[Excerpts from a dataset]
.....

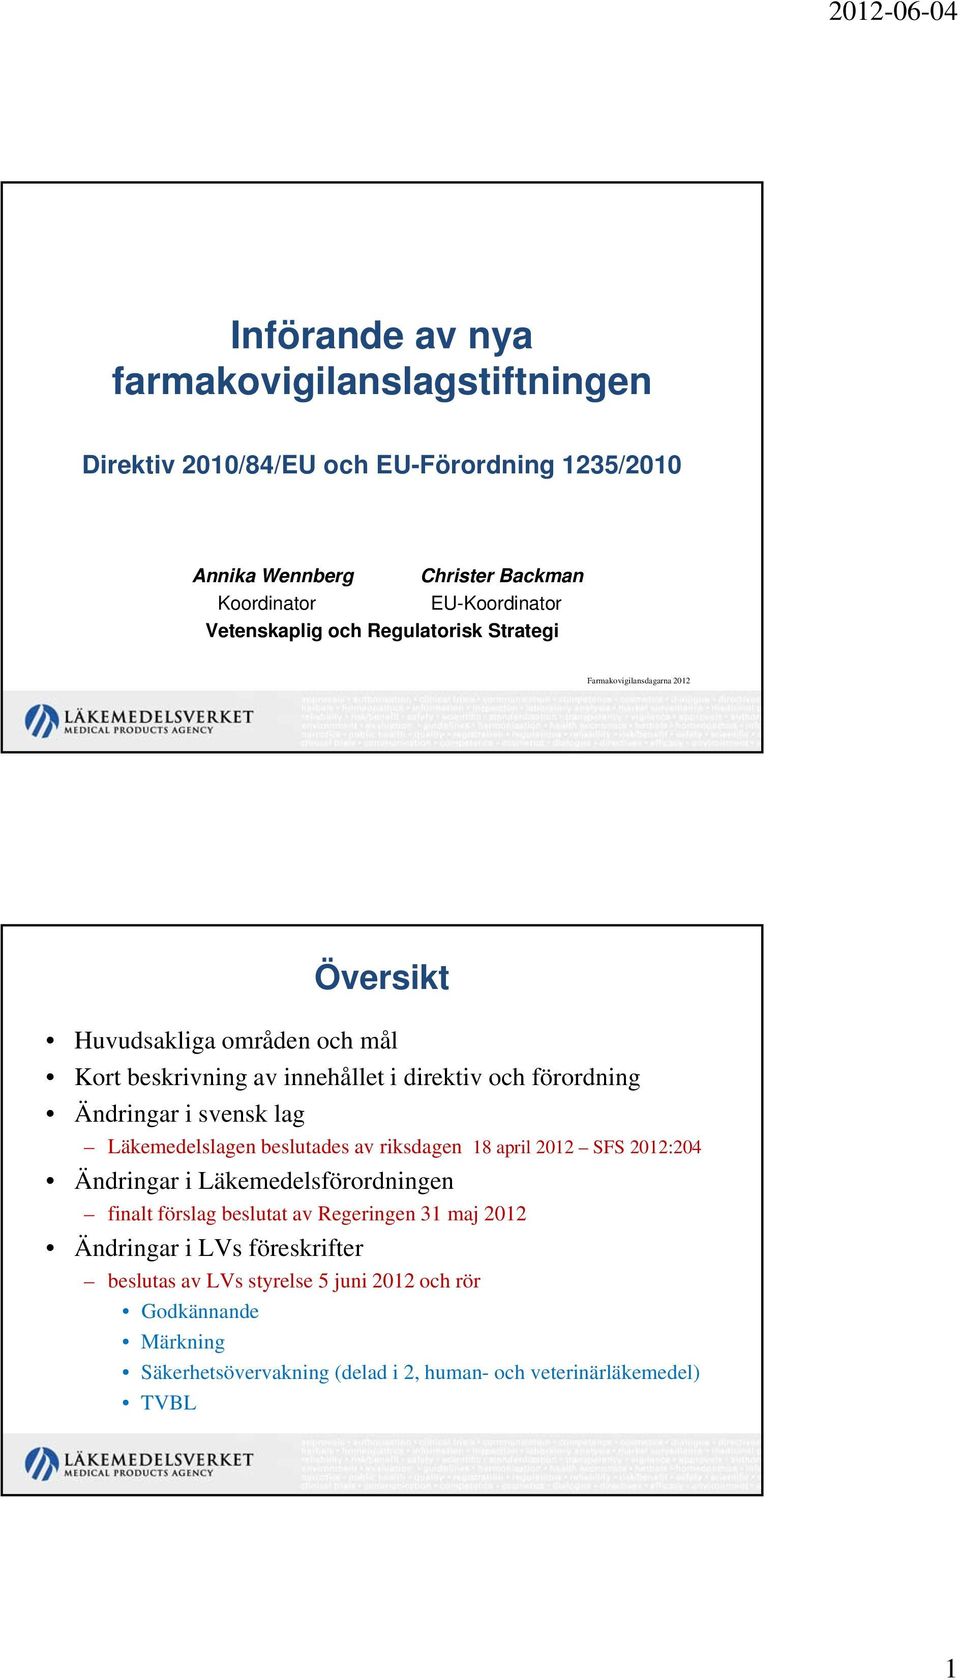 Ändringar i svensk lag Läkemedelslagen beslutades av riksdagen 18 april 2012 SFS 2012:204 Ändringar i Läkemedelsförordningen finalt förslag beslutat av Regeringen 31
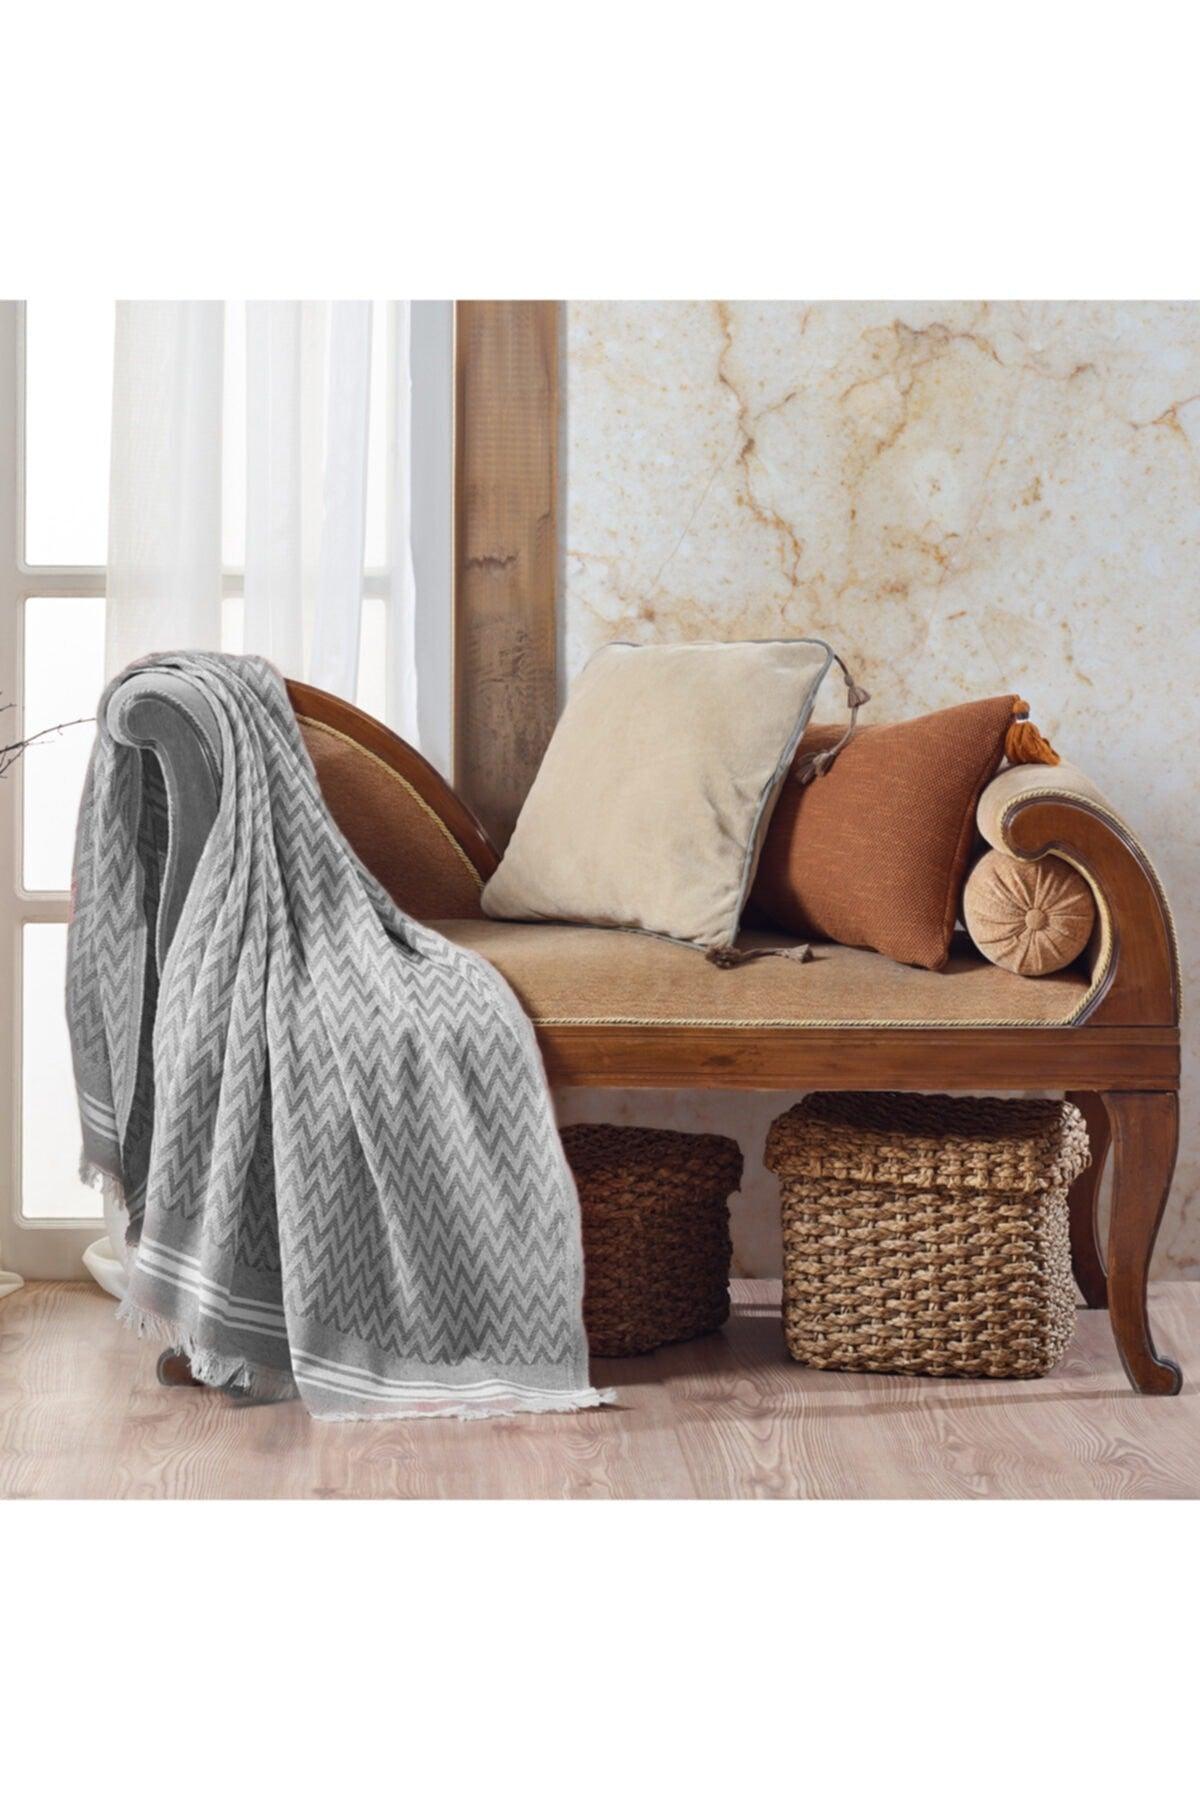 Zigzag Cotton Tv Blanket | Knee Blanket Throw - Dark Gray - Swordslife
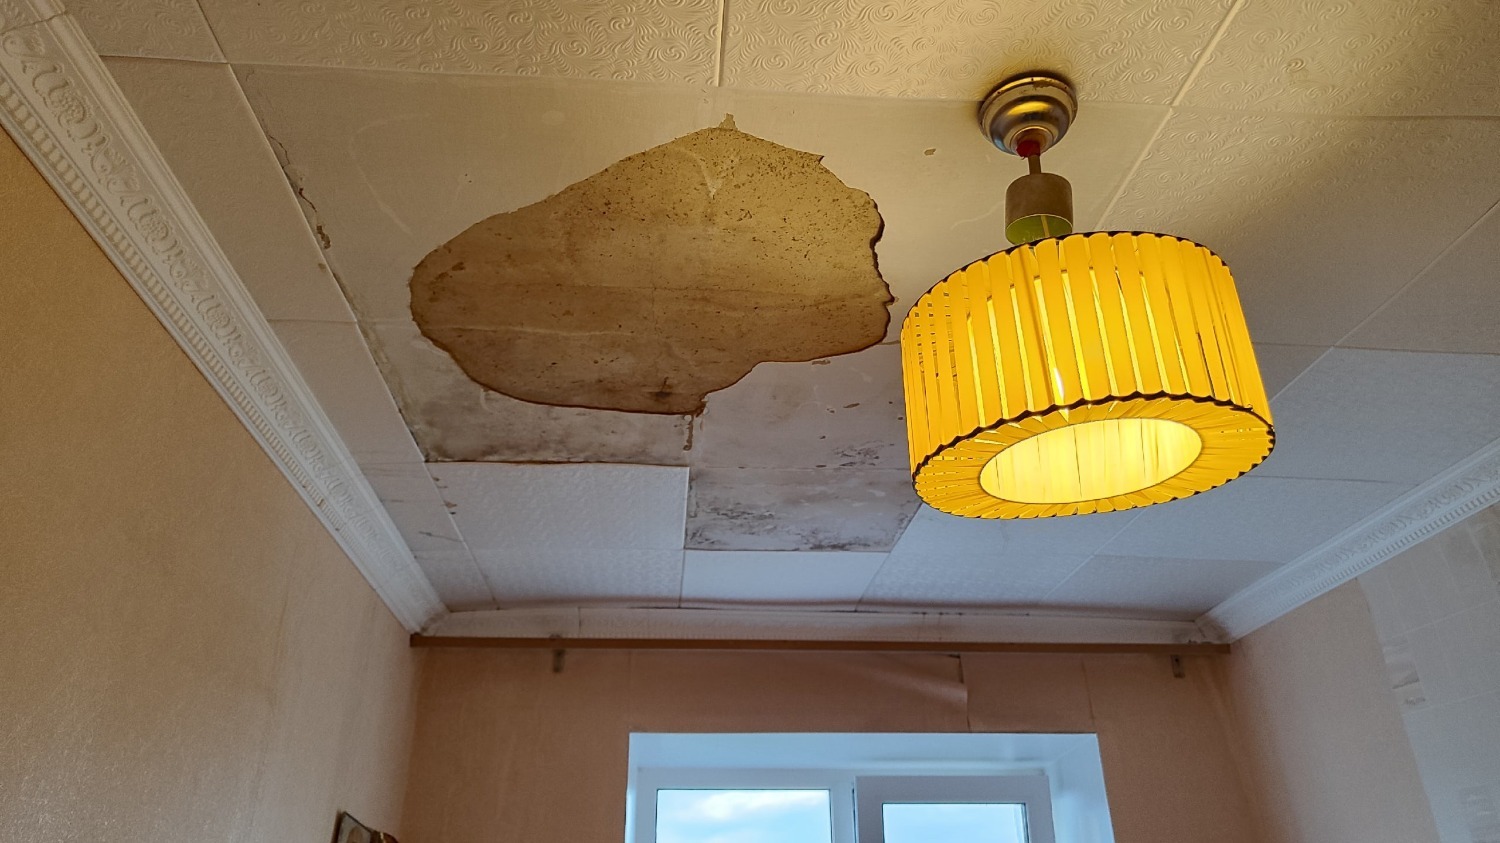 Соседней квартире повезло намного меньше: плесень на стенах, потолок обрушился, диван не подлежит восстановлению
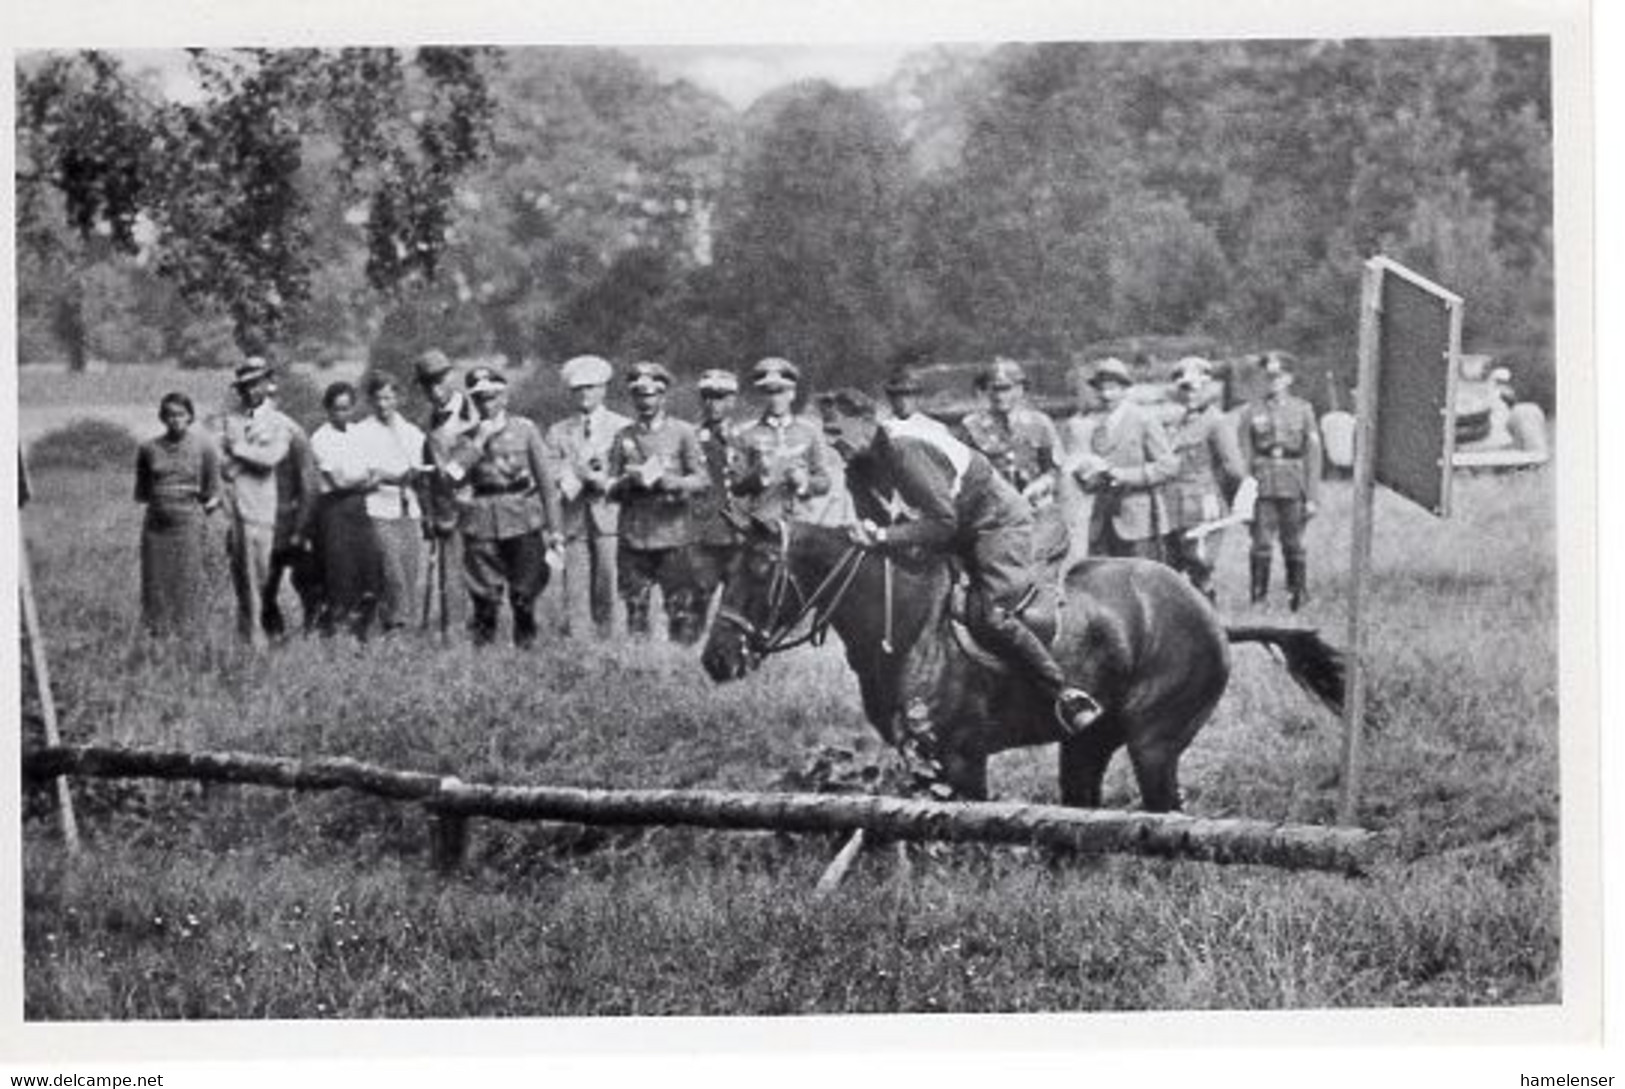 51749 - Deutsches Reich - 1936 - Sommerolympiade Berlin - USA, "Trai!olka" Unter Capt. Raguse - Horse Show
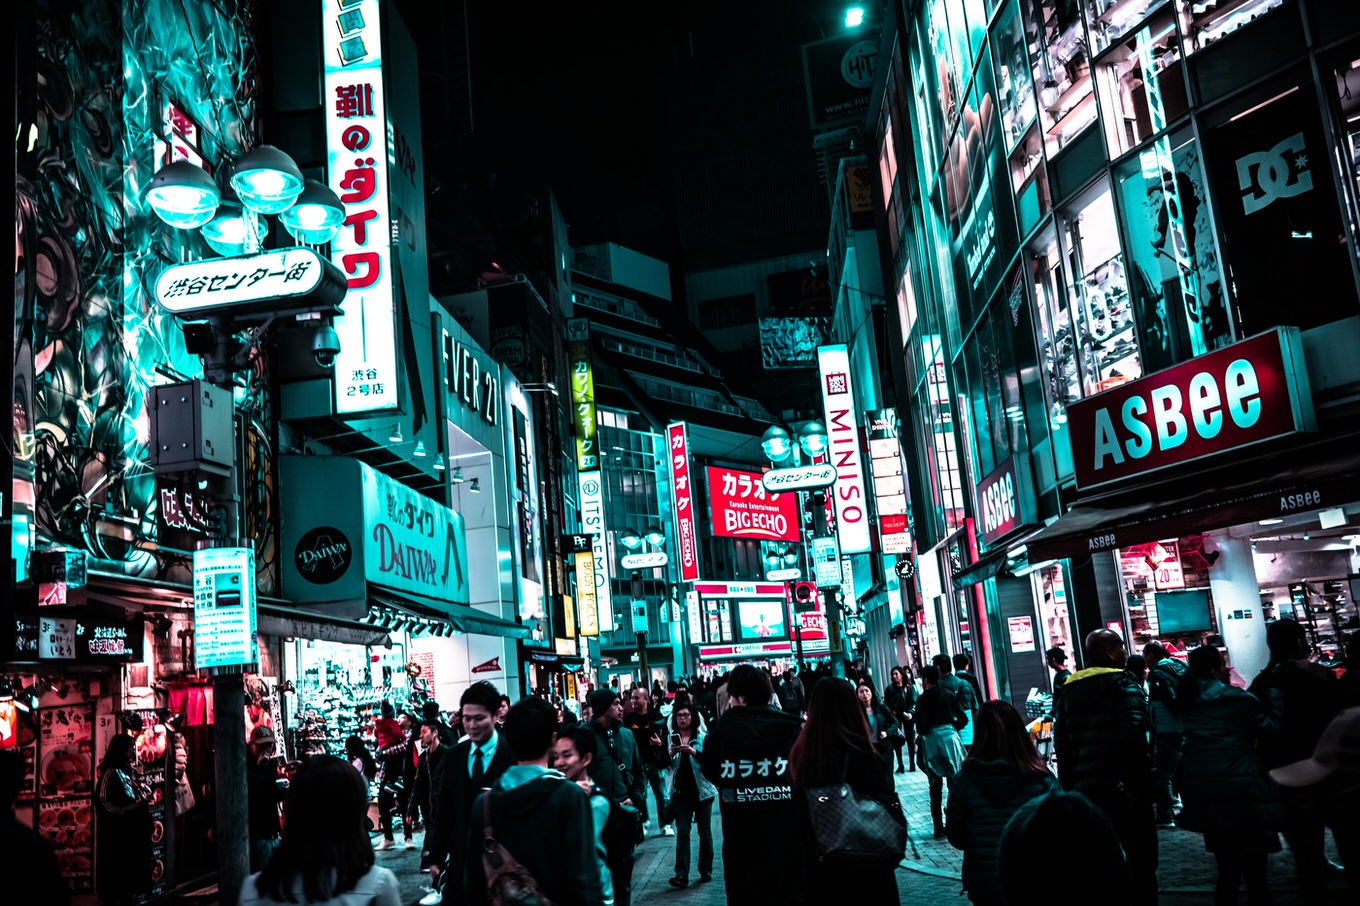 渋谷ハロウィン対策・予算1億円、25日から路上飲酒禁止　渋谷区観光協会がマナー啓発運動も開始

.....

> [WHAT THIS TASK INVOLVES]
Transcribe the data exactly and leave no picture in the copy.

> [EXPECTED ANSWER]
 Ändringar i svensk lag Läkemedelslagen beslutades av riksdagen 18 april 2012 SFS 2012:204 Ändringar i Läkemedelsförordningen finalt förslag beslutat av Regeringen 31
 Zigzag Cotton Tv Blanket | Knee Blanket Throw - Dark Gray - Swordslife
 Соседней квартире повезло намного меньше: плесень на стенах, потолок обрушился, диван не подлежит восстановлению
 51749 - Deutsches Reich - 1936 - Sommerolympiade Berlin - USA, "Trai!olka" Unter Capt. Raguse - Horse Show
 渋谷ハロウィン対策・予算1億円、25日から路上飲酒禁止　渋谷区観光協会がマナー啓発運動も開始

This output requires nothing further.